American lighting designer (1925–2009)

Tharon Myrene Musser (January 8, 1925 - April 19, 2009) was an American lighting designer who worked on more than 150 Broadway productions. She was termed the "Dean of American Lighting Designers" and is considered one of the pioneers in her field.

Musser was best known for her work on the musicals A Chorus Line and Dreamgirls. A Chorus Line was the first production of Broadway to use a fully computerized lighting console instead of manually operated "piano boards".

==Biography==
Musser was born in Virginia in 1925.
The daughter of a clergyman, she often recalled that her family couldn't afford electricity, so she grew up with candles and gaslights.
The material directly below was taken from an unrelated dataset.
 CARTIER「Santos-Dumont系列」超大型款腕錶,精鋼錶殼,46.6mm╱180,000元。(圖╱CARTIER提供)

She graduated from Berea College (Kentucky) in 1946 and later attended Yale University, obtaining her MFA in 1950. Her first Broadway lighting credit was José Quintero's staging of Eugene O'Neill's Long Day's Journey into Night in 1956 at the original Helen Hayes Theatre.
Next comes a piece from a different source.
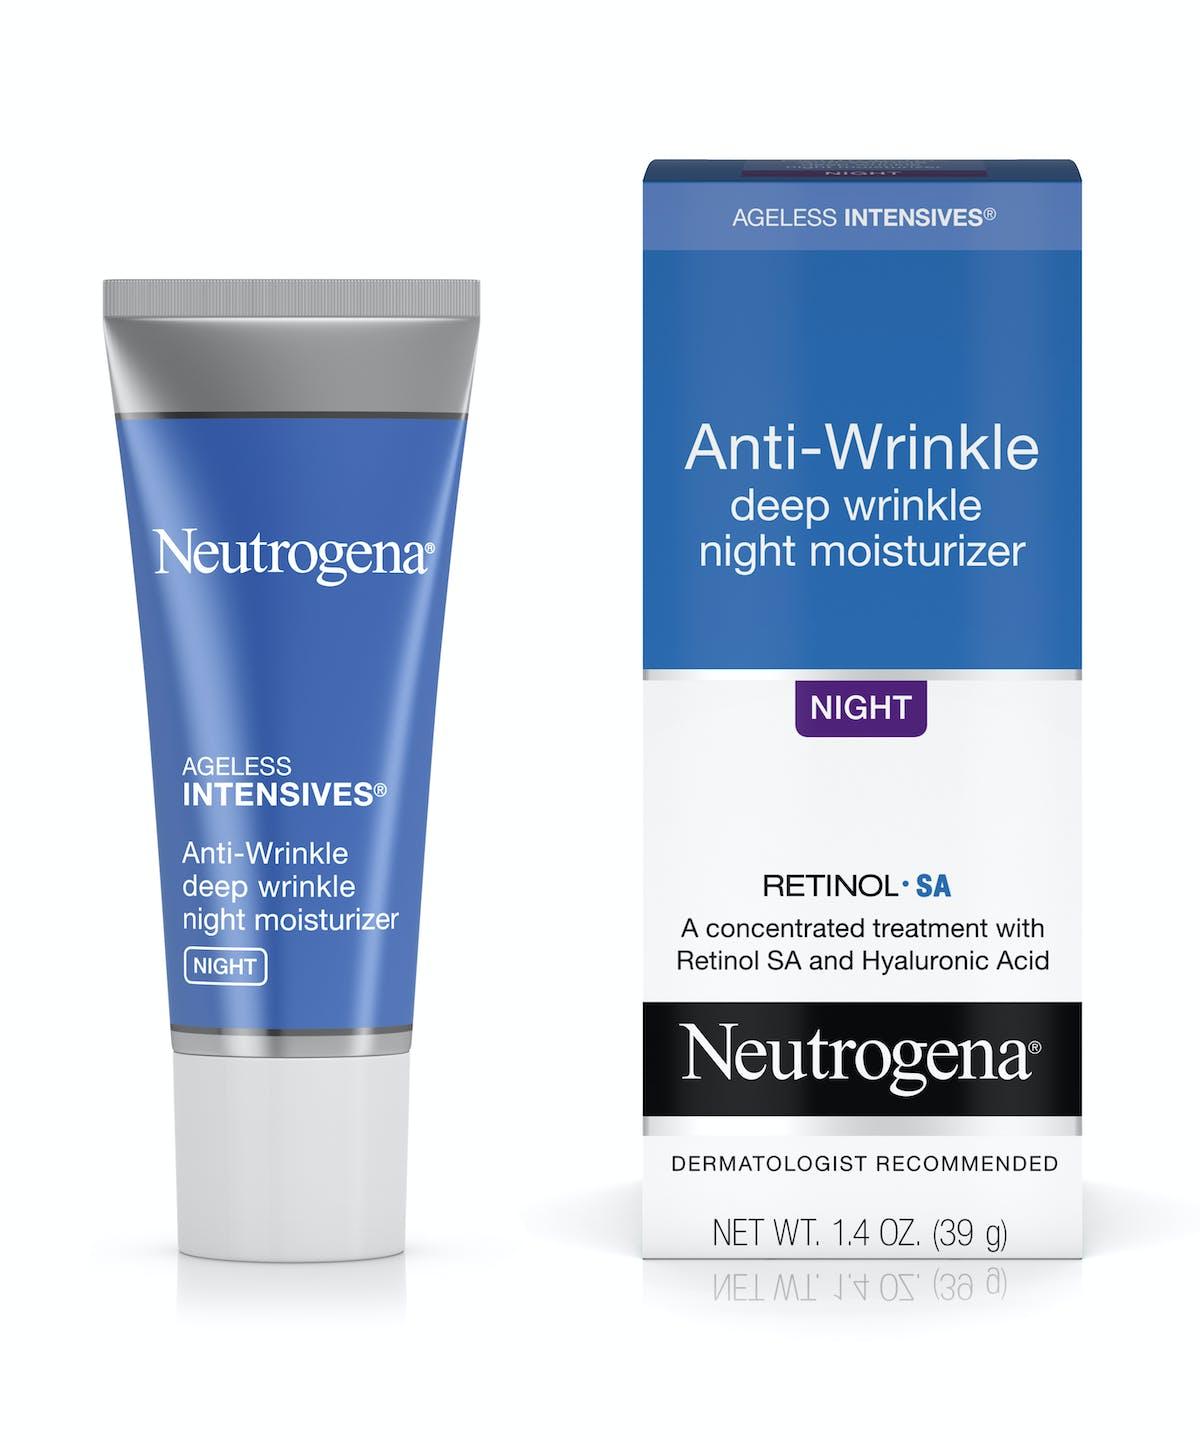 Ageless Intensives® Anti-Wrinkle Deep Wrinkle Night Moisturizer

She designed on Broadway from 1956 to 1999 and her long list of credits include Li'l Abner, Shinbone Alley, Once Upon a Mattress, Here's Love, Any Wednesday, Golden Boy, Flora the Red Menace, Kelly, Mame, Hallelujah, Baby!, The Fig Leaves Are Falling, Applause, The Prisoner of Second Avenue, The Creation of the World and Other Business, The Sunshine Boys, A Little Night Music, Romantic Comedy, Mack and Mabel, The Wiz, The Good Doctor, Pacific Overtures, The Act, Chapter Two, They're Playing Our Song, Ballroom, 42nd Street, Brighton Beach Memoirs, Jerry's Girls, The Odd Couple, Biloxi Blues, Lost in Yonkers, The Goodbye Girl, and Laughter on the 23rd Floor.

Musser won her first Tony Award for Best Lighting Design in 1972 for Follies, followed by Tonys for A Chorus Line in 1976 and Dreamgirls in 1982. She was nominated for Applause, A Little Night Music, The Good Doctor, Pacific Overtures, The Act, Ballroom, and 42nd Street. She also won the Drama Desk Award for Outstanding Lighting Design for Dreamgirls.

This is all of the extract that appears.